Continuing this line of thought I don't see a good reason to have the same logs/traces in both channels. Moreover having two separate configurations for "configuring" output of logs that are hard or even impossible to change in synchronized fashion is not something good.

On the other hand I like the simplicity in your proposal. But I rather expected that you'll show me a better place to put the condition that would switch output than propose different behavior. I thought that maybe it is possible to make it more deep in implementation that will not require changes in public api.

I wrote points about not treating logs as part of program functionality just to not throw away behavior of my version too quickly. Both variants solve my problem of gathering logs through trace buffer from component for some time from startup.
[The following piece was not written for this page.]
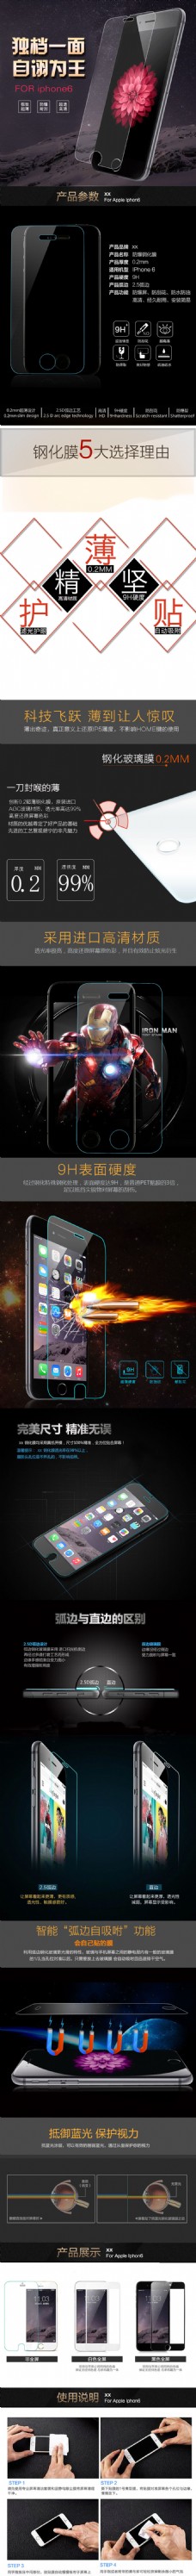 iphone6手机膜设计

There could be a reason to choose my version if there are convincing use case for dynamically switching logs to traces on and off during runtime. Currently I cannot find such use case (actually I found a few but for all of them I could find a different solution) so I'll make changes in whatever direction you choose.

One minor thing I'm not sure. Is it possible to guarantee in your version that no logs at startup will be lost? If logs are disabled completely and trace policy is installed in runtime is there a time when logs would be lost? Not that I see it as a big problem. It's just a question if it is possible in current trace mechanism to guarantee policy installation in component at startup.

nfeske commented 4 years ago

@tomga you are presenting a very convincing line of arguments.

I like that you questioned my statement that the LOG output would be part of a program's behavior. The more I think about it, the more I like your thought.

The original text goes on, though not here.